Le chiese ist in vier Kapitel gegliedert und folgt vier beliebten Pilgerrouten durch die Stadt, deswegen verfügt es auch nicht über einen Index wie L' antichità. In seinem Vorwort unterstreicht Palladio die wichtige Neuerung im Aufbau seines Führers und die Mühe, die ihm das Einordnen von 121 Kirchen bereitete. Beginnend mit Roms sieben wichtigsten Kirchen, verbindet die erste Route die zwei Kirchen auf der Tiberinsel zu den neun in Trastevere und den neun im Vatikan (er endet mit Santa Maria in Traspontina). Die zweite und längste Sequenz beginnt bei der Porta del Popolo, das Nordtor Roms, und führt über 52 Kirchen bis zum Kapitolhügel. Die dritte und vierte Route haben auch das Kapitol als Ausgangspunkt: Eine verläuft nach Norden zu den Bergen und die andere nach Süden zur Altstadt. Im Gegensatz zu den verwirrenden mittelalterlichen Reiseführern bietet Palladio hier Touristen vier logische Sequenzen, die auch eher dem rationalen Zeitalter entsprechen.

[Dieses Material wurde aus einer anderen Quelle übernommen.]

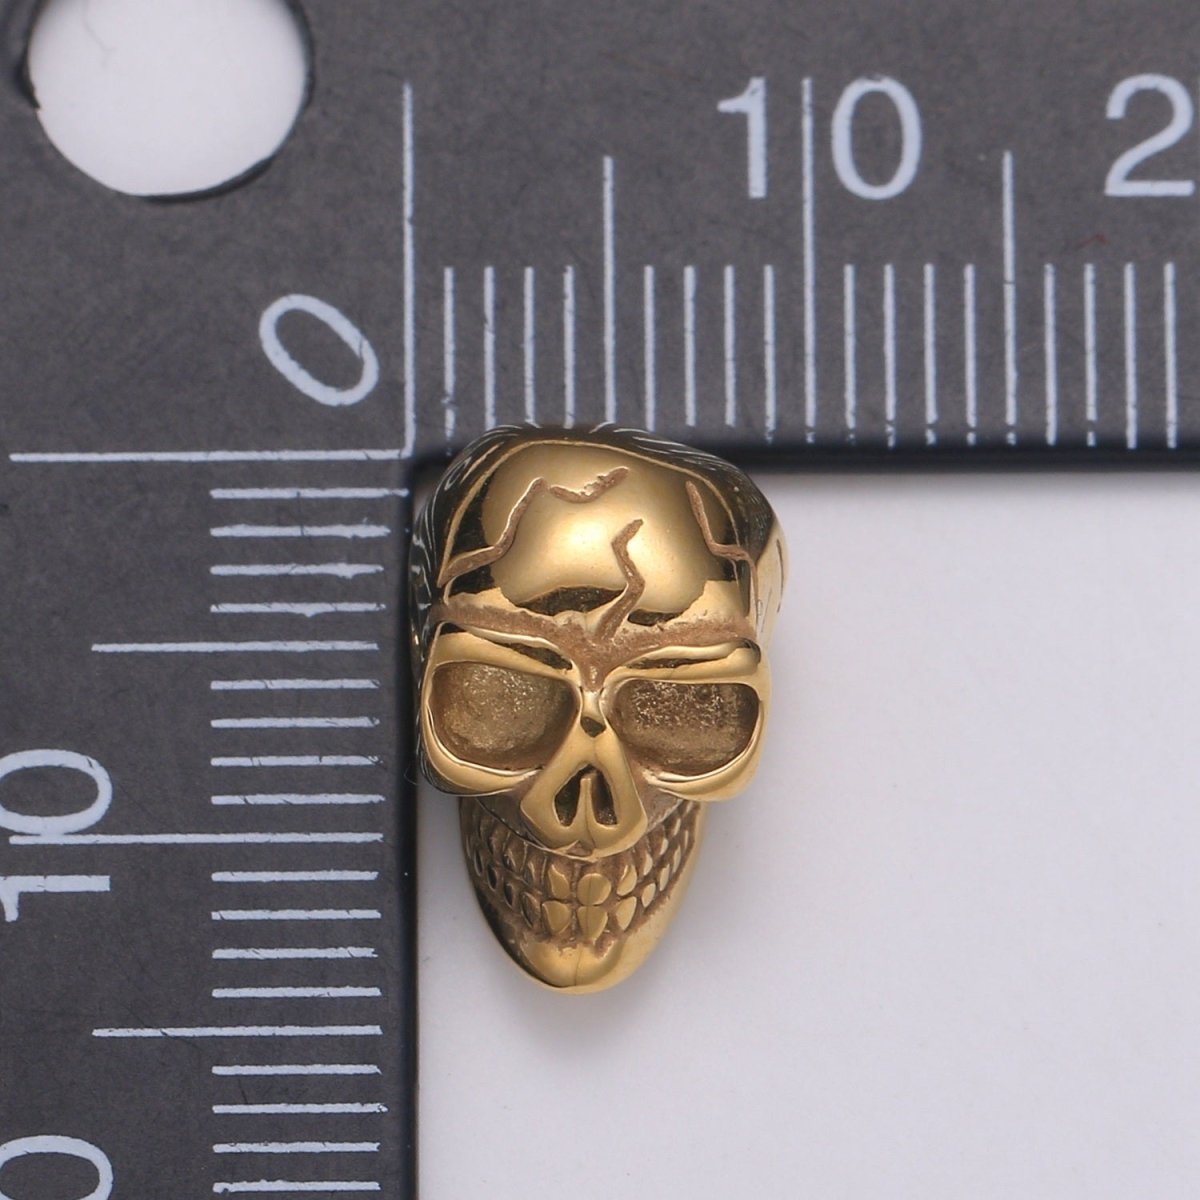 Gold Stainless Steel 3D Skull Head Bead Scary, Halloween Season, Bracelet Charm Bead Finding Connector Spacer for Jewelry Making B-453 - DLUXCA

Beide Reiseführer geben einen Eindruck der persönlichen und in diesem Zusammenhang recht untypischen Interessen, die Palladio mit Architektur verbindet. In L'antichità beschäftigt er sich beispielsweise mit den Ritualen und dem Priestertum der Römer. In Le chiese erzählt er enthusiastisch Fabeln von magischen Phänomenen nach, die einen Bezug zu den Kirchen haben. Dies zeugt nicht nur von seinem starken christlichen Glauben, sondern auch von seiner Vorliebe für das Übernatürliche.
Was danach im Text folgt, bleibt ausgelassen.